Game Over Online ~ Shin Megami Tensei: Persona 3

GameOver Game Reviews - Shin Megami Tensei: Persona 3 (c) Atlus USA, Reviewed by - Thomas Wilde

Game & Publisher Shin Megami Tensei: Persona 3 (c) Atlus USA
System Requirements PlayStation 2
Overall Rating 92%
Date Published Monday, August 27th, 2007 at 11:38 AM


Divider Left By: Thomas Wilde Divider Right

Persona 3 makes me think about cycles.

Back when the console RPG was just starting out, with games like Dragon Warrior, Final Fantasy, and the NES port of Wizardry, the games were mostly grindfests. You walked in circles around Corneria for three hours collecting money and experience so you could survive the walk to the next town over, where you would need to spend another three hours running in circles before you could move on.

Games eventually evolved to a point where the grind wasn't strictly necessary, which happened right around the time where CRPGs became a lot more story-oriented. There were more CRPGs, they had more of a plot arc than they did before, and grinding was almost never required to progress. Some of them were, in fact, designed in such a way that grinding would wreck the game's power curve; for example, Yang leaves the party and never returns to it in Final Fantasy II because at high levels, he's the most dangerous character in the game.

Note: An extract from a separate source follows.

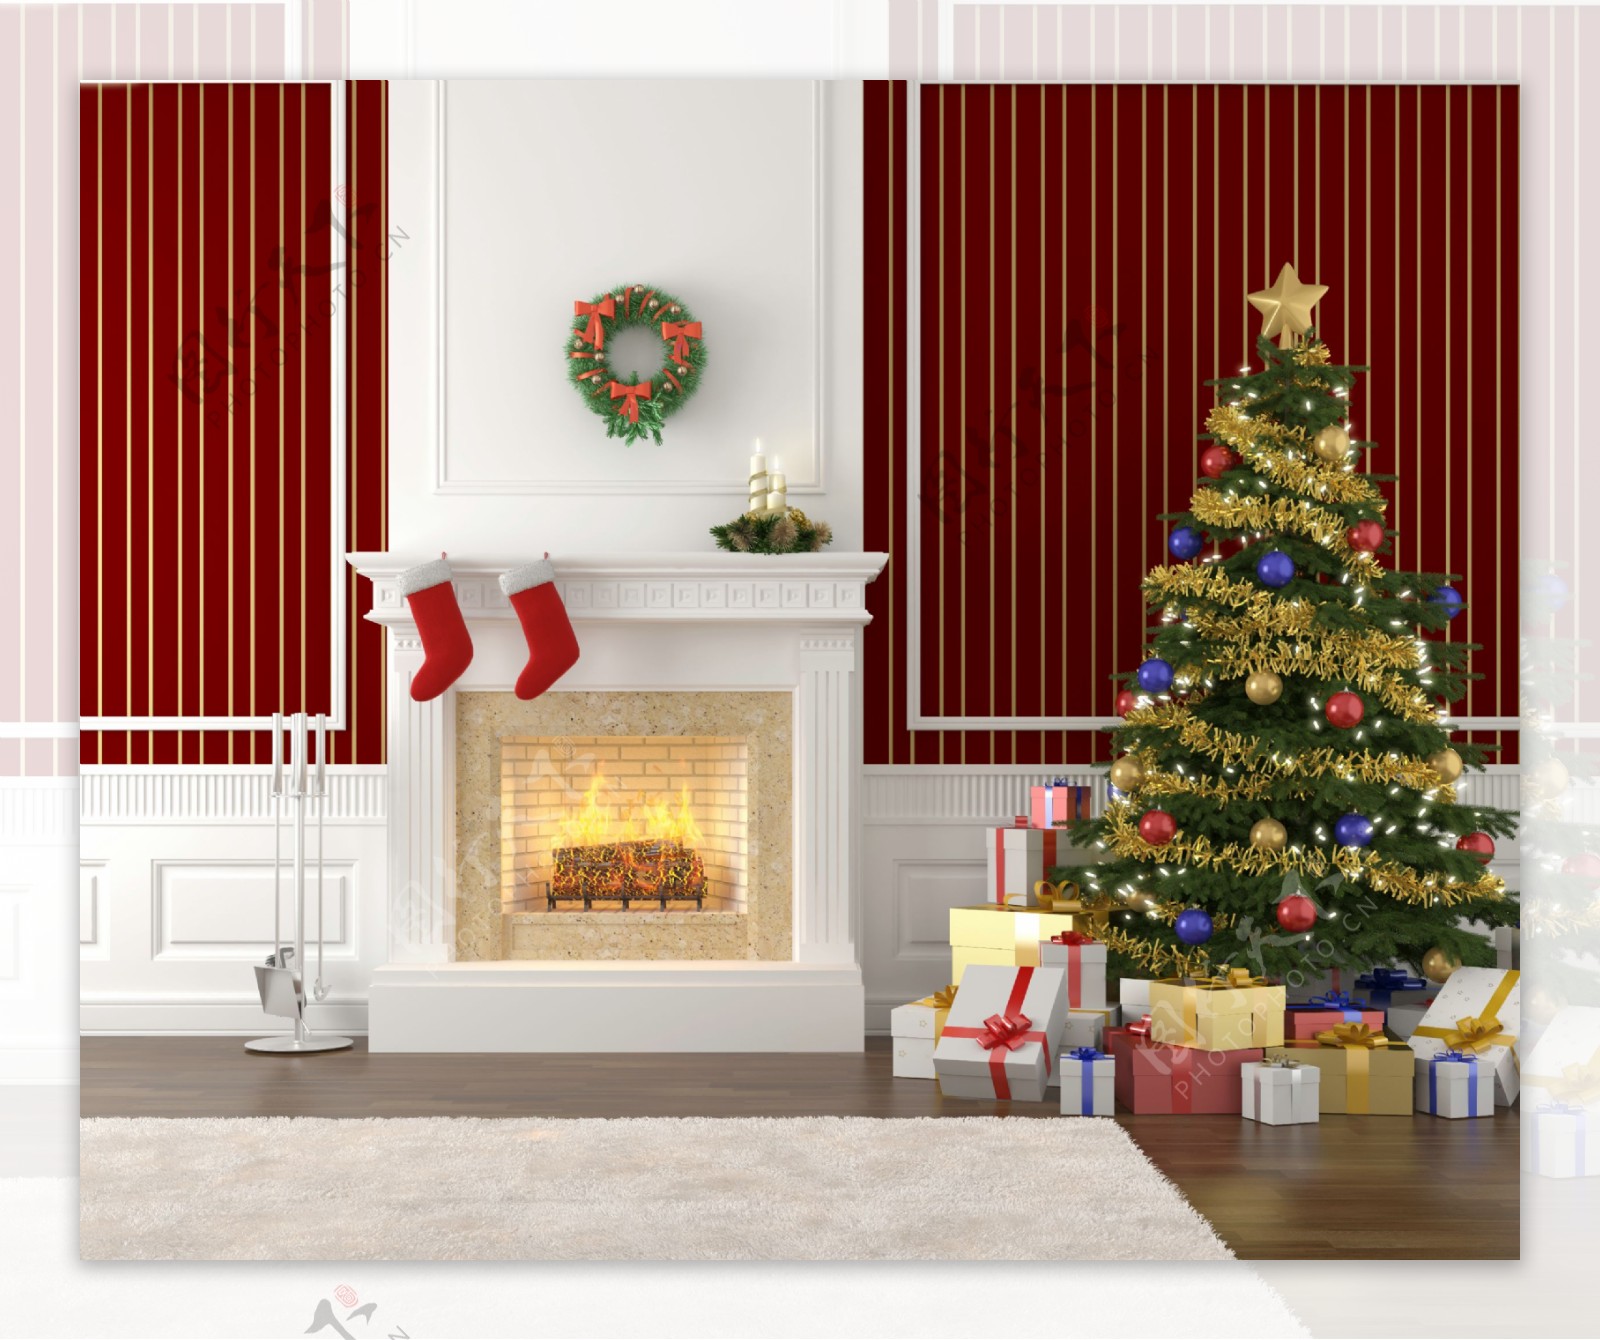 壁炉挂毯和圣诞树

The grindless CRPG continued until relatively recently, when Final Fantasy XII, Rogue Galaxy, and now Persona 3 have brought it back in full force. Persona 3 requires a lot of grinding to succeed; it's almost a roguelike, really. You spend a lot of time exploring the randomly changing hallways of a dungeon hundreds of stories tall, farming it for drops off of monsters and fistfuls of yen so you can buy better gear off a slumming police officer in a mall downtown.

At the same time, it's... well, it's not entirely a dating sim. It's a high school simulator. You spend your days studying or joining clubs or wooing the girls that live in your dorm, and your nights sticking sharp things into evil things' heads.

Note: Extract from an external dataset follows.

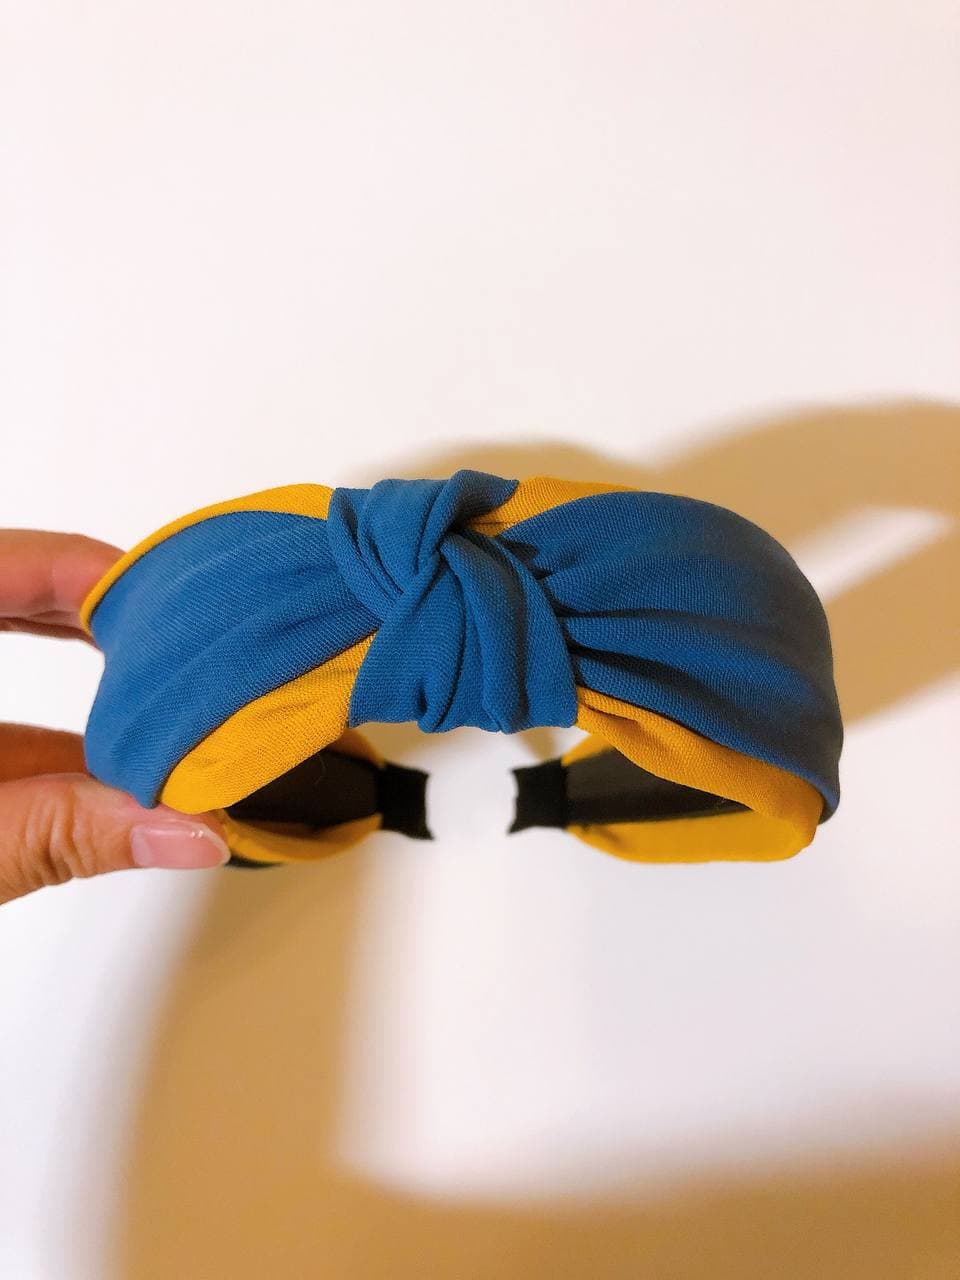 韓式人工髮箍- 藍黃色髮箍

I'm getting very far ahead of myself.

Peraona 3 begins on April 9th, 2009, as your character arrives for his first day at school. That same night, you discover there's a twenty-fifth hour of the day, between 12:00 AM and 12:01 AM, called the Dark Hour. During this time, monsters prowl the streets, and most people fall asleep.

You're not one of them, and neither are the people in your dorm. You all have access to Personas, weird fragments of your personality that take on the form and powers of figures of myth, and those Personas also prevent you from falling asleep during the Dark Hour.

As members of the Specialized Extracirricular Execution Squad (SEES), it's your job to find out why there's a Dark Hour and where the monsters are coming from. During the Dark Hour, your school turns into an enormous tower called Tartarus. Operating on the theory that this might be some kind of clue, you and your team will investigate Tartarus looking for answers. Somewhere near the top, you may find them.

Thus, by night, you get to run through a dungeon killing monsters. By day, though, you're an ordinary high school student. Most CRPGs might gloss over the daytime stuff, but Persona 3 makes it almost as important as the dungeon delving.

Your character has the unique ability to command more than one Persona, each of which belongs to a certain Arcana. Everyone you meet belongs to one of these Arcana. Thus, if you start, strengthen, and maintain relationships with people from each Arcana, the Personas you use will be strengthened in turn. Being a decent friend makes you a better adventurer, and so on.

Further complicating this is the fact that Persona 3 operates on a fixed time limit. Each day you spend in-game is a day you can't get back, and the game will progress without you if it has to. You are constantly forced to juggle your social links, your dungeon crawling, your monetary supply, and more, and all of this within sort of a time limit. You're never sure if you'll have time to do everything you want to do, sort of like in real life.

Persona 3 juggles all of this fairly well, and once you get into it, it's hard to stop playing. Even if you never thought you'd play a datesim, it'll make you care whether or not that one girl likes you.

My biggest complaint about the game is, basically, the grind. When you enter the dungeon, you're either there for fetch quests or to get from point A to point B before your party members are too tired or sick to continue. There's very little story there, and the bosses that show up mostly show up because they're standing in your way. Persona 3 has a lot of very well-told story in it, but surprisingly little of it's in the dungeon itself. You basically take a time out from a datesim every so often to play what feels like an old RPG.

Persona 3 is, despite that complaint, one of the best RPGs on the PS2, and in fact, on any console. It has characters you'll care about, a combat system that's easy to get into but hard to master, enough of a difficulty curve that you'll feel like you're working for your victories, and a truly bizarre and memorable soundtrack. It's very, very grindy, though, and I have a hard time getting into that.